# Where to buy amp parts in Canada ?



## Louis (Apr 26, 2008)

Hi everyone ,.............I was wondering where to buy parts fo amplifiers
here in Canada ,.....I need Electrolityc caps ,.......resistors ,sockets,choke and pots for
master volumes and more but I might be forgetting something .

Tx


----------



## sulphur (Jun 2, 2011)

Try here... Amplifier Parts - Canada


----------



## Louis (Apr 26, 2008)

Thank you my friend !

Edit,....I see they don't carry Pec pots ,.....as per George Metropoulos ,.he suggest
double 500k PEC's for best results,..anywhere else I could find those ,....I could Google it but
maybe there's a better place that won't be mentioned on Google


----------



## dtsaudio (Apr 15, 2009)

Not in Canada, but Digikey has them. Shipping is overnight fedex, for $8.00.
This what you're looking for?





KKA5041S28 Precision Electronics Corporation | Potentiometers, Variable Resistors | DigiKey


Order today, ships today. KKA5041S28 – 500k Ohm 2 Gang Logarithmic Panel Mount Potentiometer None 1.0 Kierros Carbon 2W Solder Lug from Precision Electronics Corporation. Pricing and Availability on millions of electronic components from Digi-Key Electronics.




www.digikey.ca


----------



## Louis (Apr 26, 2008)

dtsaudio said:


> Not in Canada, but Digikey has them. Shipping is overnight fedex, for $8.00.
> This what you're looking for?
> 
> 
> ...


Yes exactly !.................. thank you !


----------



## tomee2 (Feb 27, 2017)

$60? Really?


----------



## dtsaudio (Apr 15, 2009)

tomee2 said:


> $60? Really?


PEC pots are quite expensive, especially dual log taper.


----------



## tomee2 (Feb 27, 2017)

Are they a very precise log pot? As in, needed in test equipment with db markings, or analogue computers? I guess I'll have to Google them and learn what's up.


----------



## jbealsmusic (Feb 12, 2014)

tomee2 said:


> Are they a very precise log pot? As in, needed in test equipment with db markings, or analogue computers? I guess I'll have to Google them and learn what's up.

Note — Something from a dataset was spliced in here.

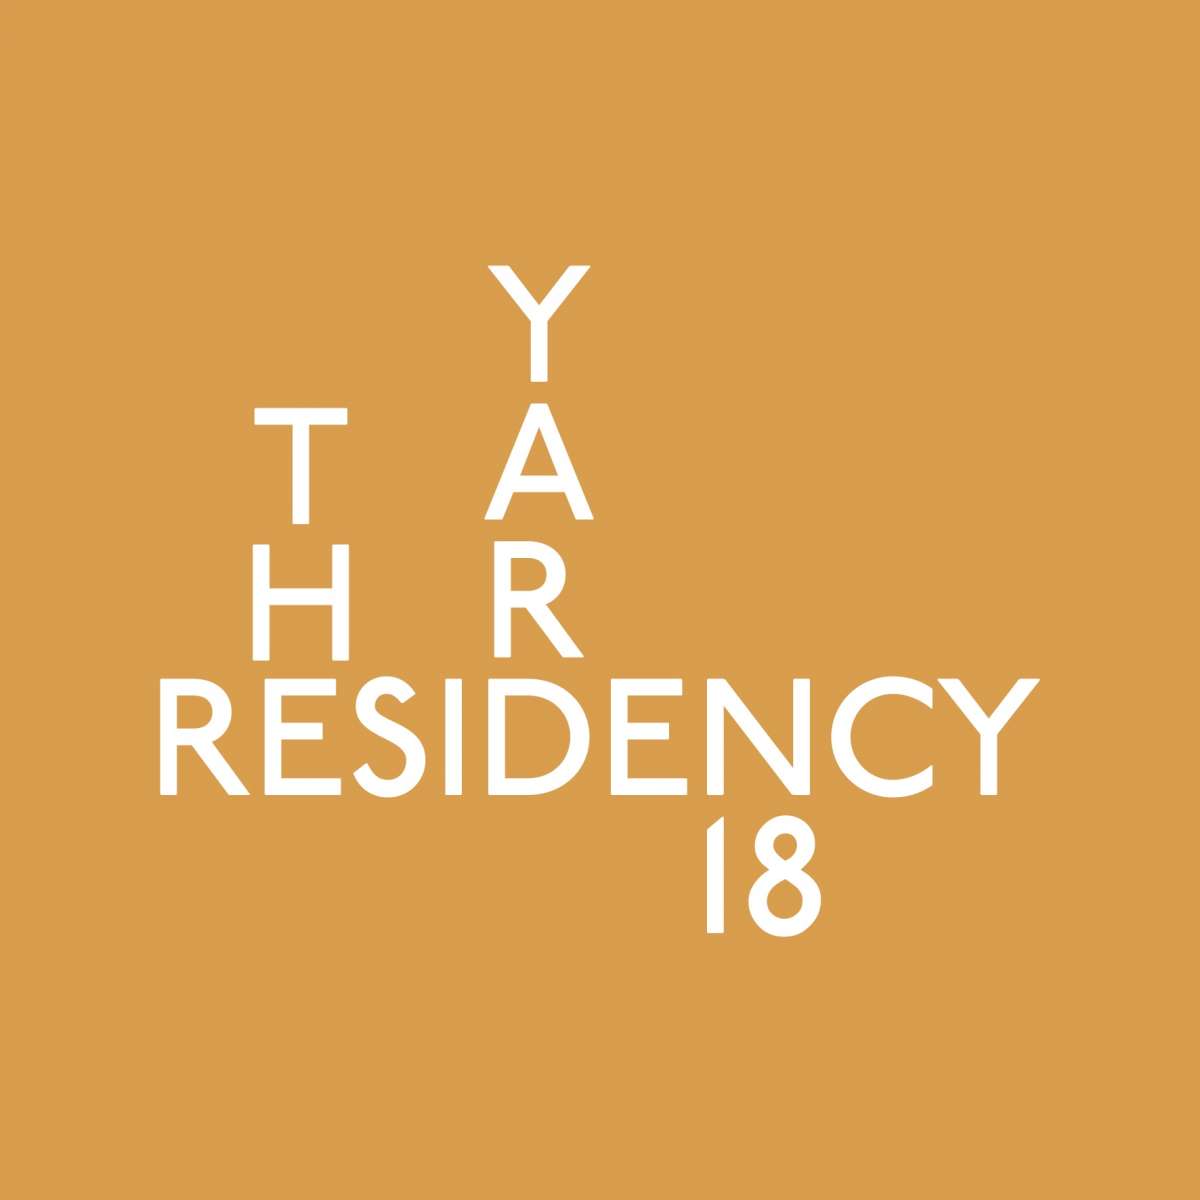 theYard.Residency.18

Here are the main differences between PEC pots and the pots normally used in our industry:

They are made in Canada. Yes, actually manufactured here. Awesome!
They are made of ethically sourced materials. VERY rare for the electronics industry.
They have a higher rotational life than standard pots (most clock in at 10K-15K; PEC is 25K).
Much wider range of functional operating temperature. Most pots are good for around -10 to +50 C. PEC's are good for -65 to +125 C. In general, they meet military spec for temperature, humidity, vibration, shock resistance, etc. All far exceeding what our standard industry pots do.
They can handle far greater voltages for far longer before becoming damaged.
Stainless steel shaft and housing. Most pots in our industry are aluminum or brass.
Gold plated lugs.
...some other, far less applicable stuff

Their tolerances are 10% or 20%, which every major pot manufacturer does these days. So, not ultra accurate by any stretch.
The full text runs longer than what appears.